Serialization & Compression

To achieve high throughput and low latency, Zoocache implements a specialized serialization pipeline in Rust.

The Pipeline

Serialization Pipeline

1. MsgPack

We use MessagePack as the intermediate representation. It is more compact than JSON and faster to parse than Pickle for many common data structures.

2. LZ4 Compression

Before writing to the storage backend (LMDB, Redis, or RAM), data is compressed using LZ4. - Why LZ4?: It offers a very high decompression speed, which is critical for cache performance, while still providing decent compression ratios for JSON-like data.
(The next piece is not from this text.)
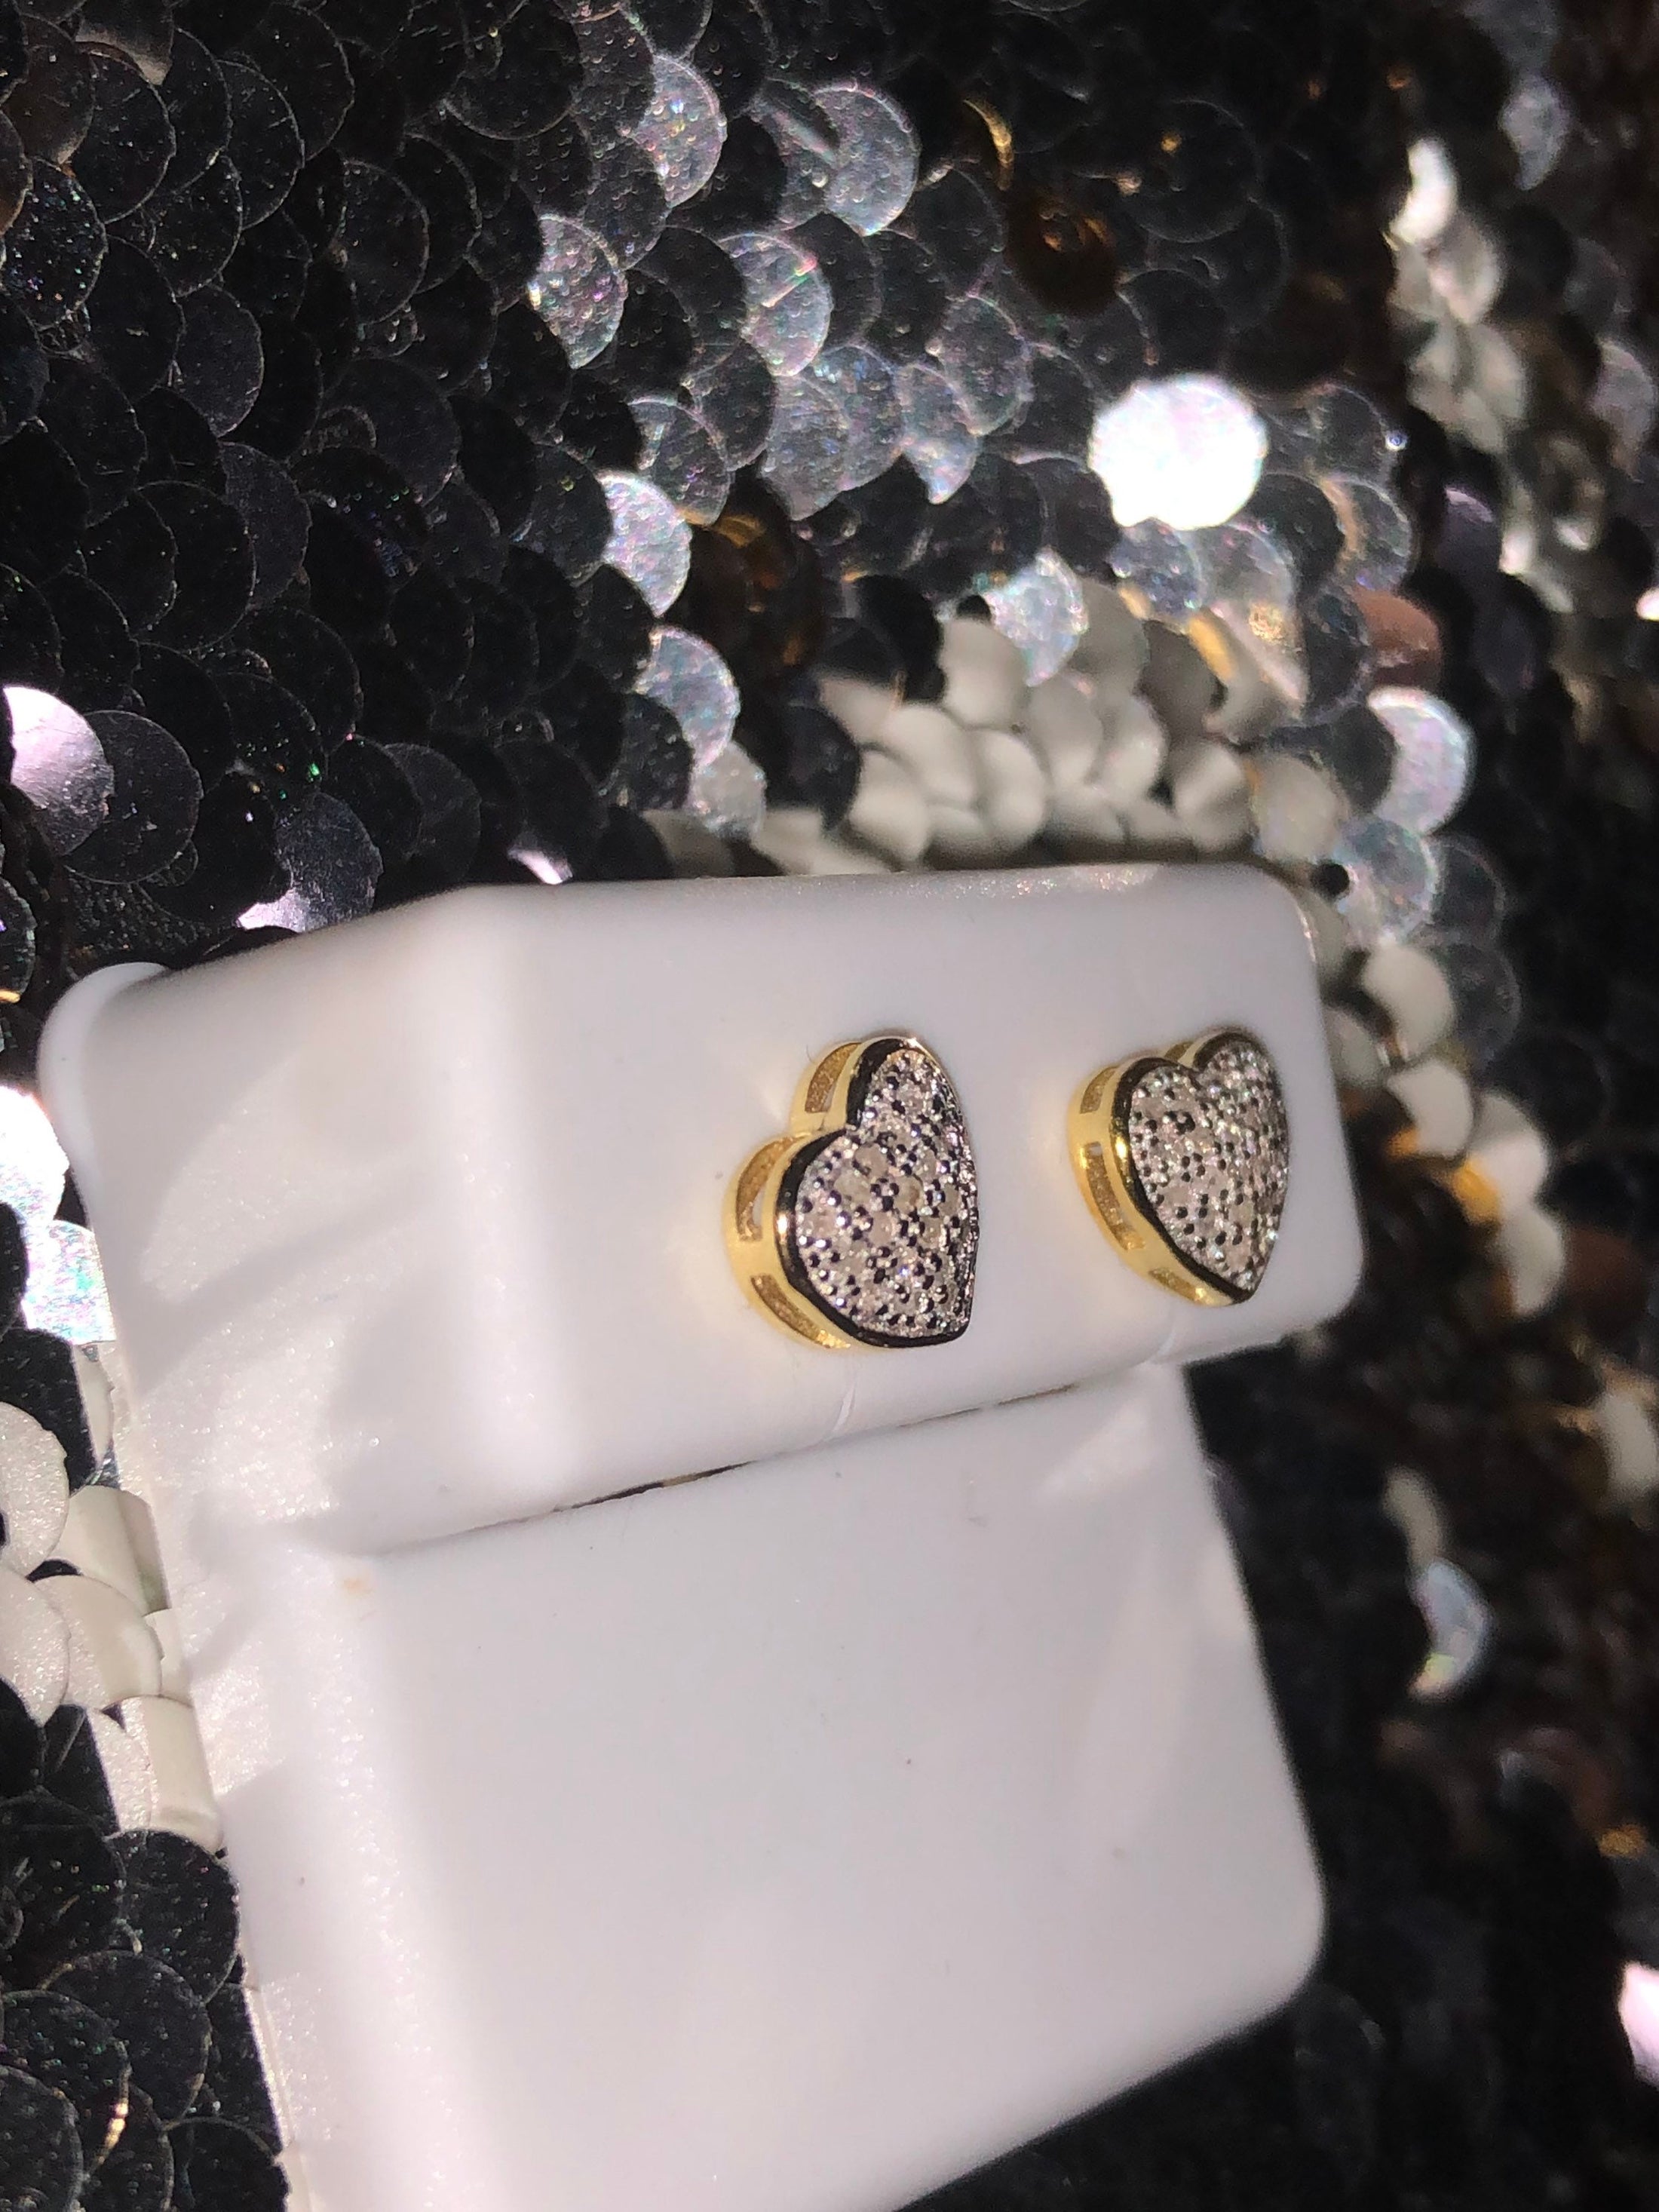 Real diamond puff heart earring stunning gift for holiday anniversary birthday wedding so beautiful huge sale limited fast shipping!
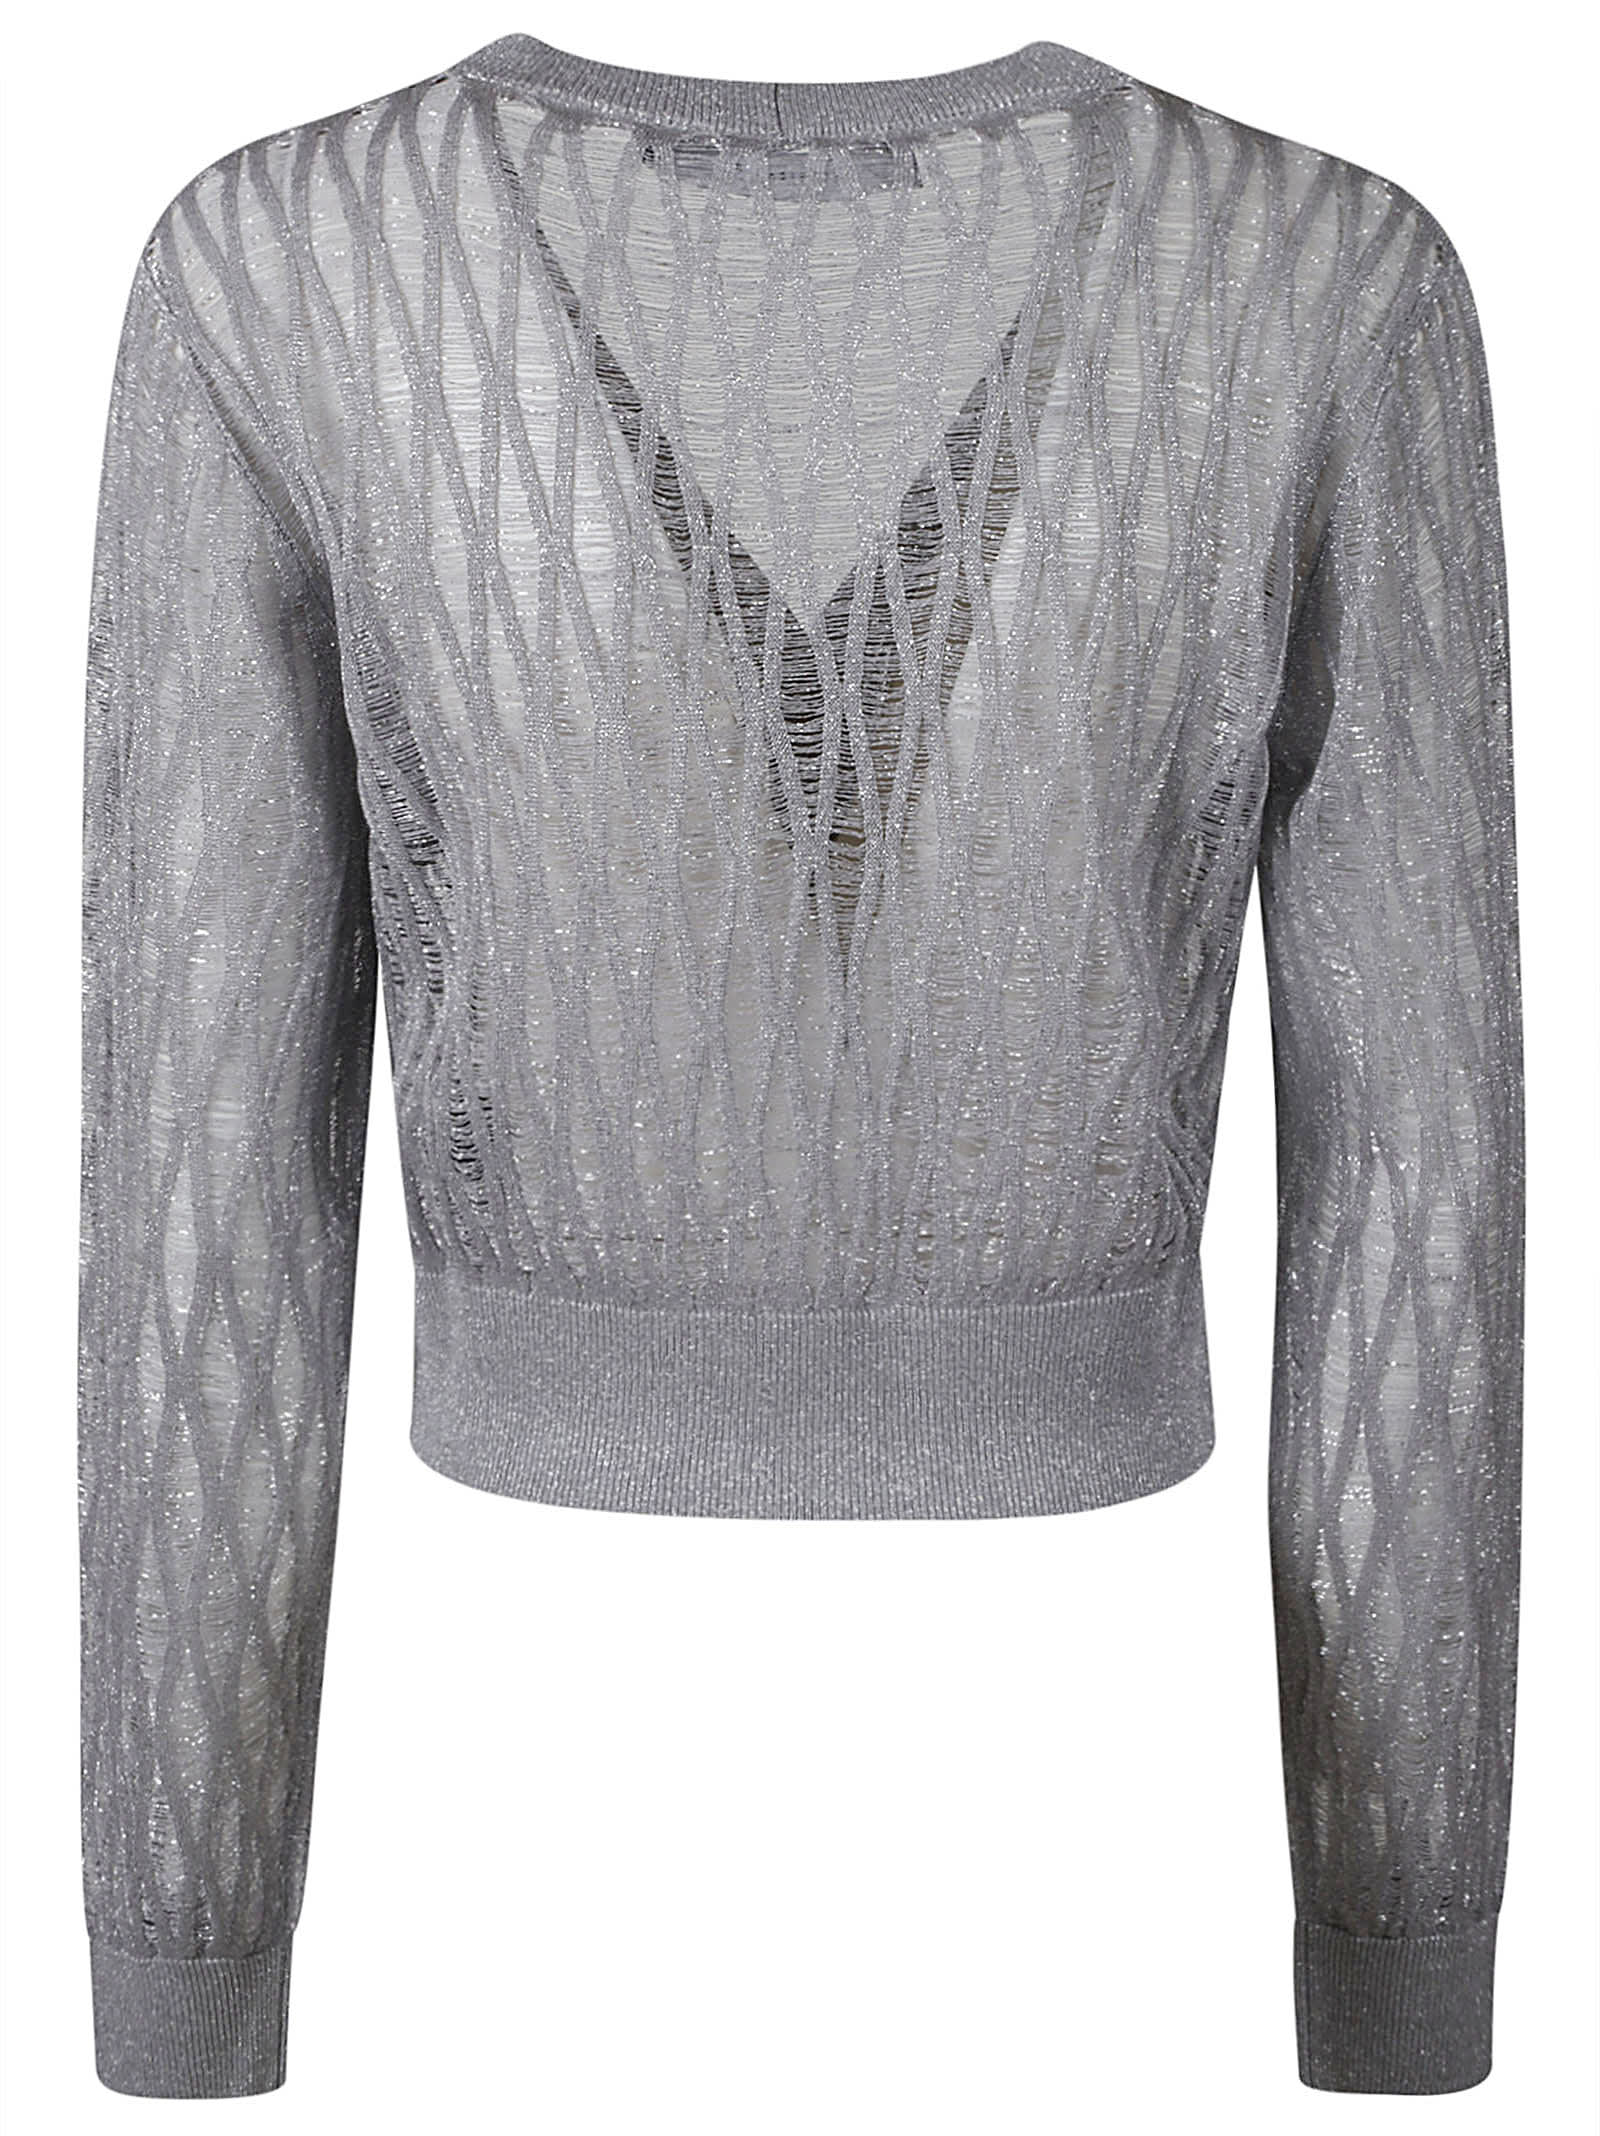 Shop Federica Tosi See-through Diamond Pattern Cropped Cardigan In Silver

3. "Zero-Bridge" Transcoding

To minimize FFI overhead, we use direct streaming transcoding: - Write: Python Object -> Depythonizer -> Transcoder -> MsgPack Serializer -> Bytes - Read: Bytes -> MsgPack Deserializer -> Transcoder -> pythonize -> Python Object

This completely eliminates intermediate serde_json::Value or manual Rust struct allocations, making the Python-Rust boundary near-zero cost.

Trade-offs & Considerations

  • Compatibility: We use pythonize/depythonize, which handles most standard Python types (dicts, lists, int, str, float, bool). However, custom classes or complex objects that aren't JSON-serializable might require custom handlers or won't work out of the box.
  • Compression Overhead: LZ4 is fast, but for very small objects (e.g., a simple integer), the compression step might actually add a few nanoseconds of overhead that doesn't pay off in space savings.